To summarize, the spatiotemporal practices of agreement-making undoubtedly give Indigenous organizations like the NLC an indispensable role in the legal machinery of project authorization, thus ensuring its institutional resilience. However, while the chronotope elevates certain practices and the power dynamics embedded in them, it also marginalises alternative configurations of the relationship between Indigenous people, the extractive industry, and the state. Certain values with respect to the world are sustained, which prioritise a reductive conception of extractive development, with differences resolved by contract.
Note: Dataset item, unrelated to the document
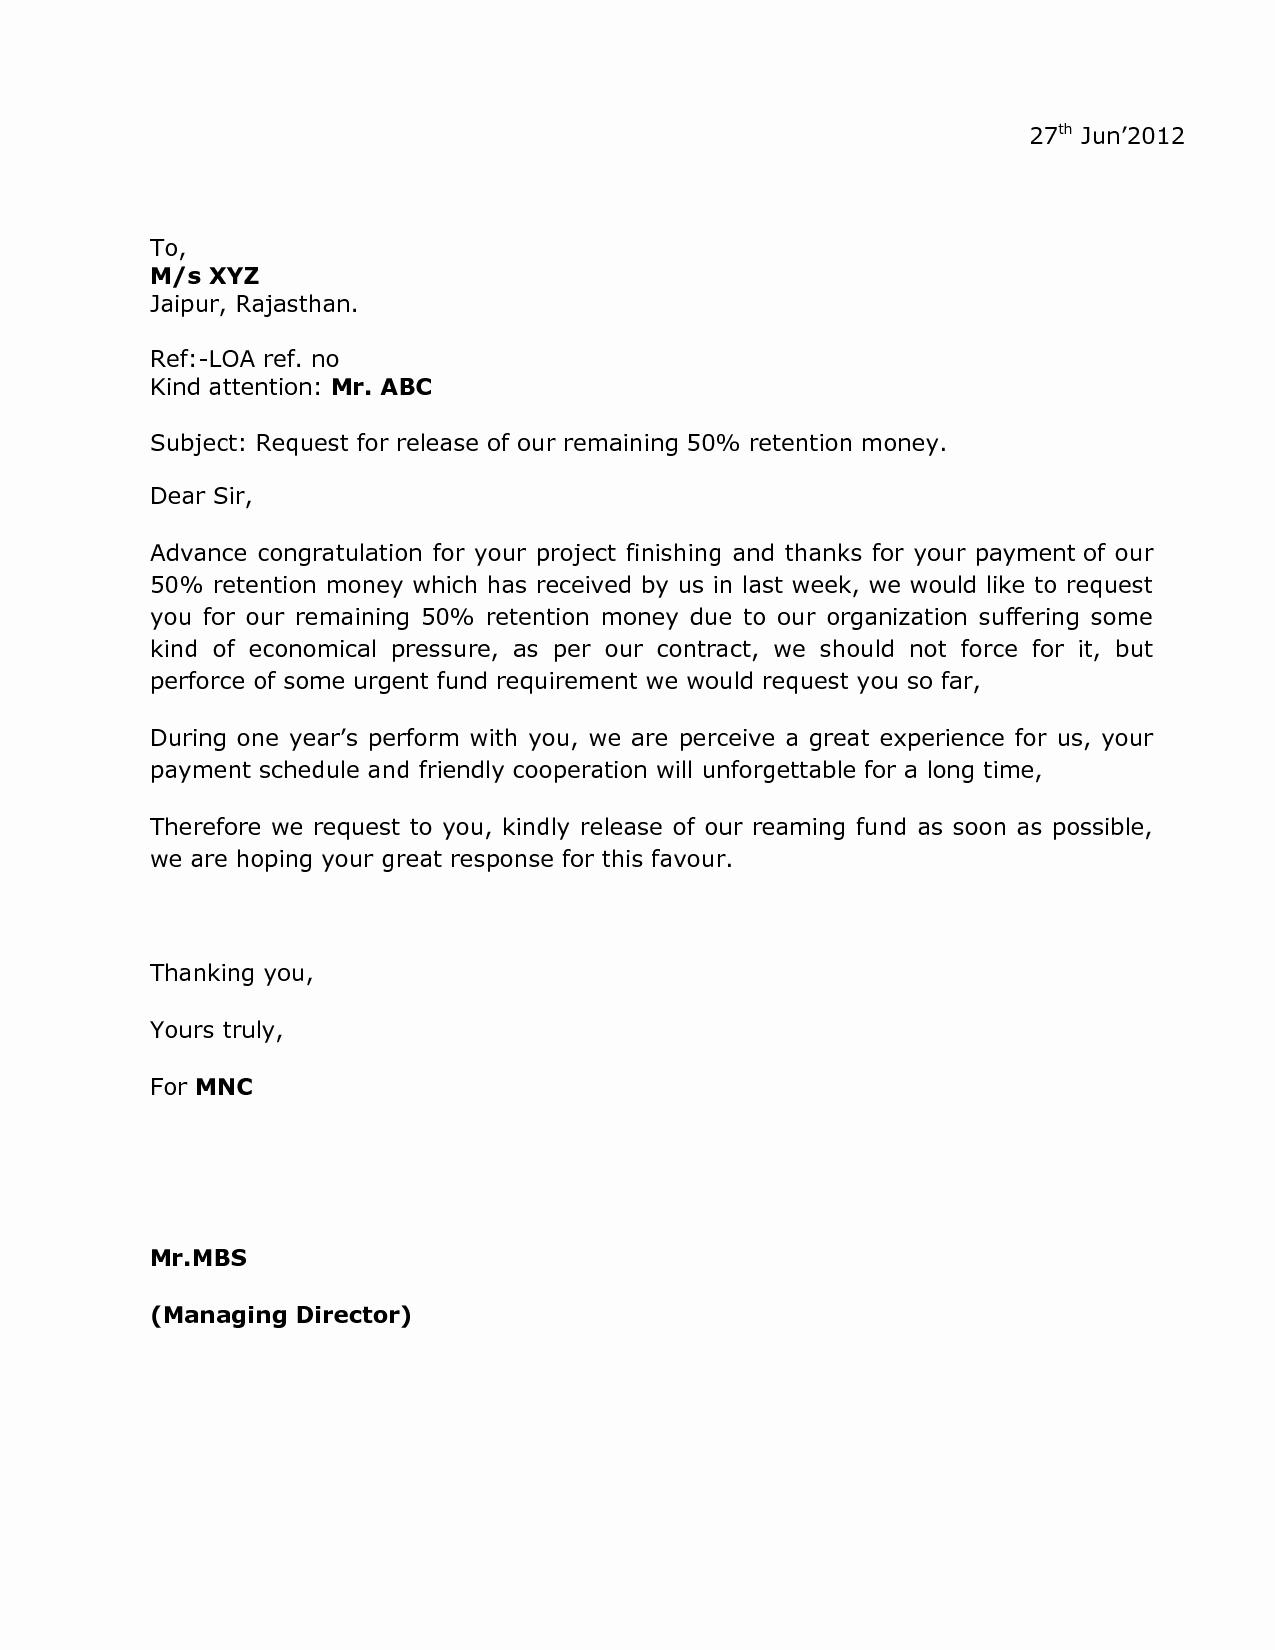 10 Best Of Sample Letter asking for Money

Once such agreements are executed, the time for dissent passes and the parties are locked in time to whatever was negotiated then. Other complex and immanent relationships between human and more-than-human interests are obscured, as are alternative futures and imaginaries.  The opportunities for Indigenous groups to express credible views outside or contrary to the muzzling institutional spacetimes of agreement-making are hampered. A chronotopic analysis of the NLC agreement breaks open and makes visible the practices that produce these hegemonic power relations.


References

Ritter, David. 2009. The Native Title Market. Perth: University of Western Australia Publishing.

Valverde, Mariana. 2015. Chronotopes of Law: Jurisdiction, Scale and Governance. New York: Routledge.